One day I went walking near mown areas looking for bluets (Houstonia caerulea) but found none. Two days later they were everywhere. I always look for the darkest shade of blue for a photo but the flowers can be almost white to dark blue, and I’ve read that they open white and darken to various shades of blue as they age. No matter what shade of blue they are, they always have a yellow center. They are tiny things; each flower isn’t much bigger than a pea. Another name for the plant is “Quaker ladies” but nobody seems to know exactly why. Other names include innocence, blue-eyed babies, Venus’ pride, Quaker bonnets, and bright eyes. They’re cheery little things and I’m always happy to see them. 3. Dandelion

I can just imagine the conversation that must have gone on:
Her: Sweetie, there’s a strange man lying on the sidewalk out front, taking pictures of our stone wall.
Him: He’s not taking pictures of the wall; he’s taking pictures of the dandelion growing in it.
Her:  But why would he be doing that?
Him: How should I know? He’s obviously some kind of a nut. Just ignore him and maybe he’ll go away.

4. Dandelion 2-2

Sure, we’ve all seen dandelions, but have we ever stopped to really look at one?

5. Bloodroot

We finally had a day sunny enough to coax the bloodroot blossoms (Sanguinaria canadensis) into opening fully, but by the time I remembered to visit them it had clouded over enough to make them want to close up again. I got there in time to see them start wrapping their leaves around themselves, preparing to close.

6. Bloodroot 2

But one flower remained fully opened and the lighting was perfect to show the veining in its petals. I’ve learned by trial and error that too much sunlight or the use of a flash will make such subtle details disappear, and you’ll be left with flat white petals. That might not seem like a big deal but if someone who wants to publish a wildflower guide looks at your photo it will be a big deal to them and your photo won’t be chosen.

7. Magnolia

The magnolias have been stunning this year and I wish I could offer up their fragrance as well as a photo. For a very short time each spring magnolia and lilac fragrances overlap and I always think that, if heaven has a fragrance, it will come from the blending of those two flowers.

8. Red Tulip

I like a challenge and there isn’t much that’s more challenging to a nature photographer than a red flower. They are very hard to get a good photo of for reasons I don’t fully understand, so I was surprised when I saw that this one of a red tulip came out good enough to show here. I won’t bother to tell you how many weren’t good enough.

9. Willow

Willows (Salix) are done flowering for the most part, but you can still find a bloom or two if you’re willing to search a bit. Willows are one of those early spring flowers that don’t get a lot of fanfare but I love the promise of spring that they show.

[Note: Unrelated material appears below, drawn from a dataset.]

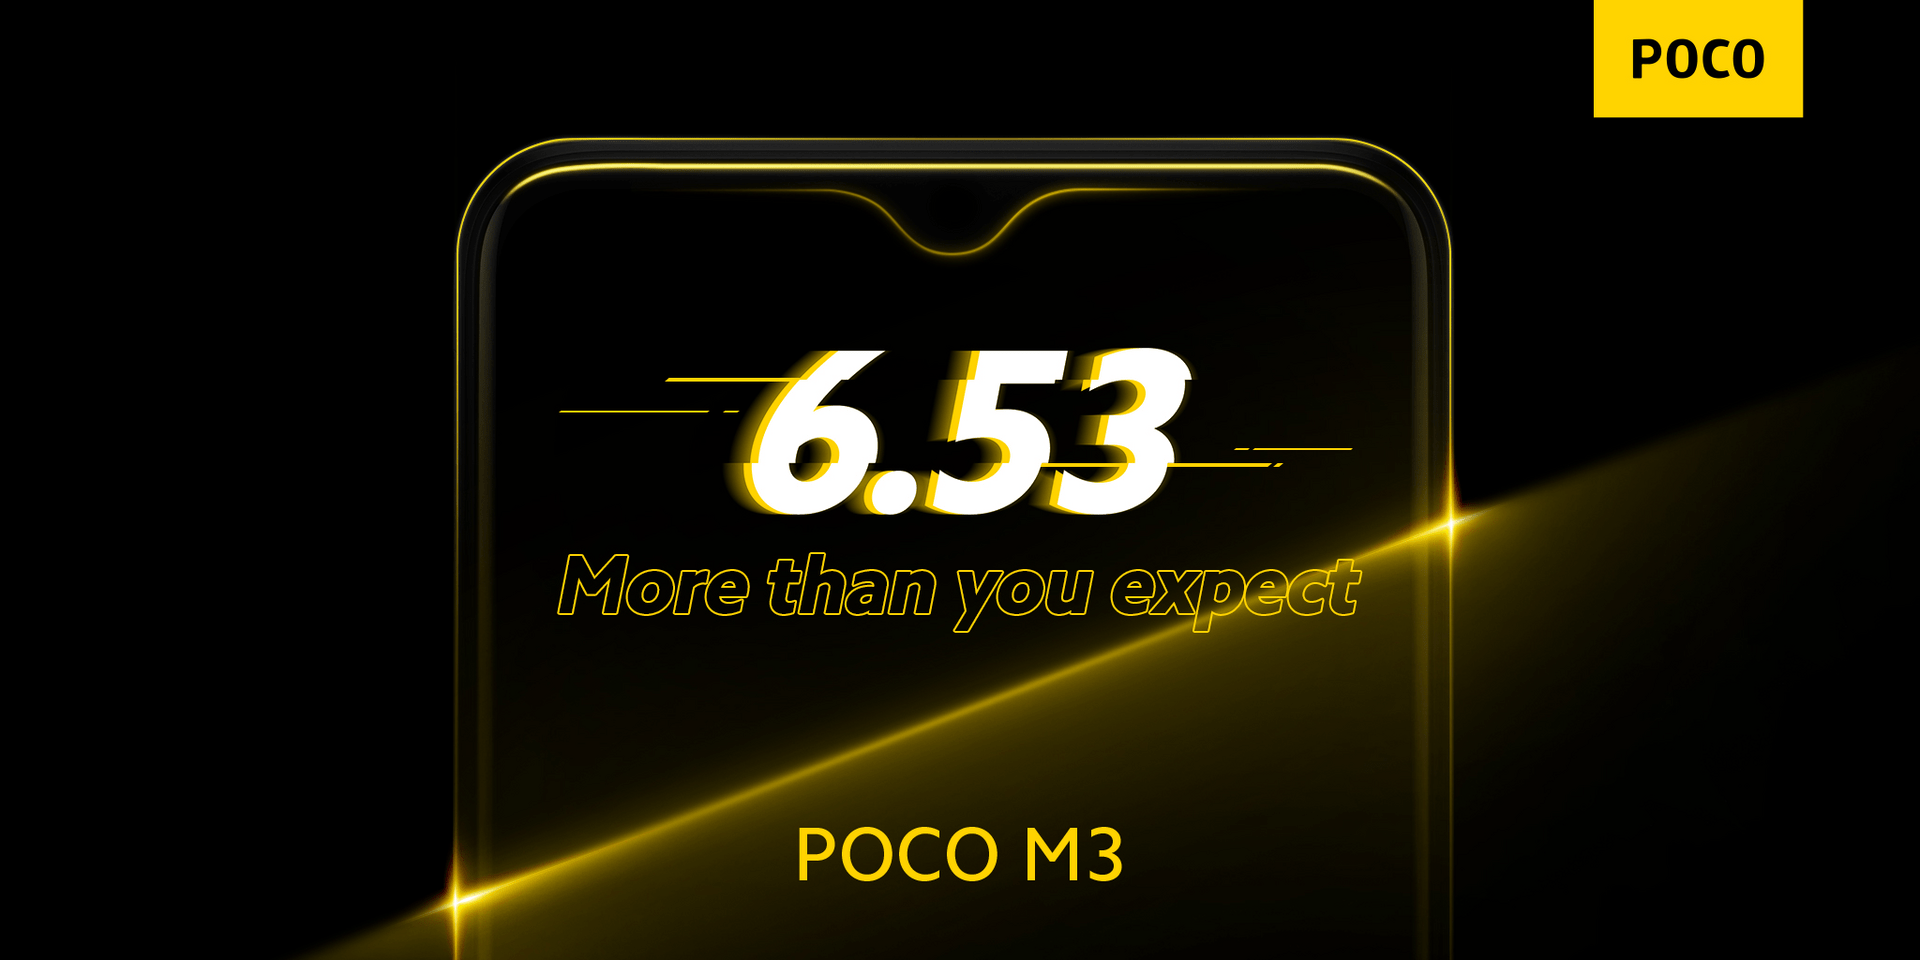 Das Poco M3 bietet ein 6,53 Zoll großes IPS-Display mit FHD+-Auflösung

The inner bark and leaves of some willows contain salicylic acid, which is the active ingredient in aspirin (acetylsalicylic acid). Native Americans chewed or made tea from the willow’s leaves and inner bark to relieve fever or toothaches, headaches, or arthritis, and that is why the willow is often called “toothache tree.” It was a very important medicine that no healer would have been without.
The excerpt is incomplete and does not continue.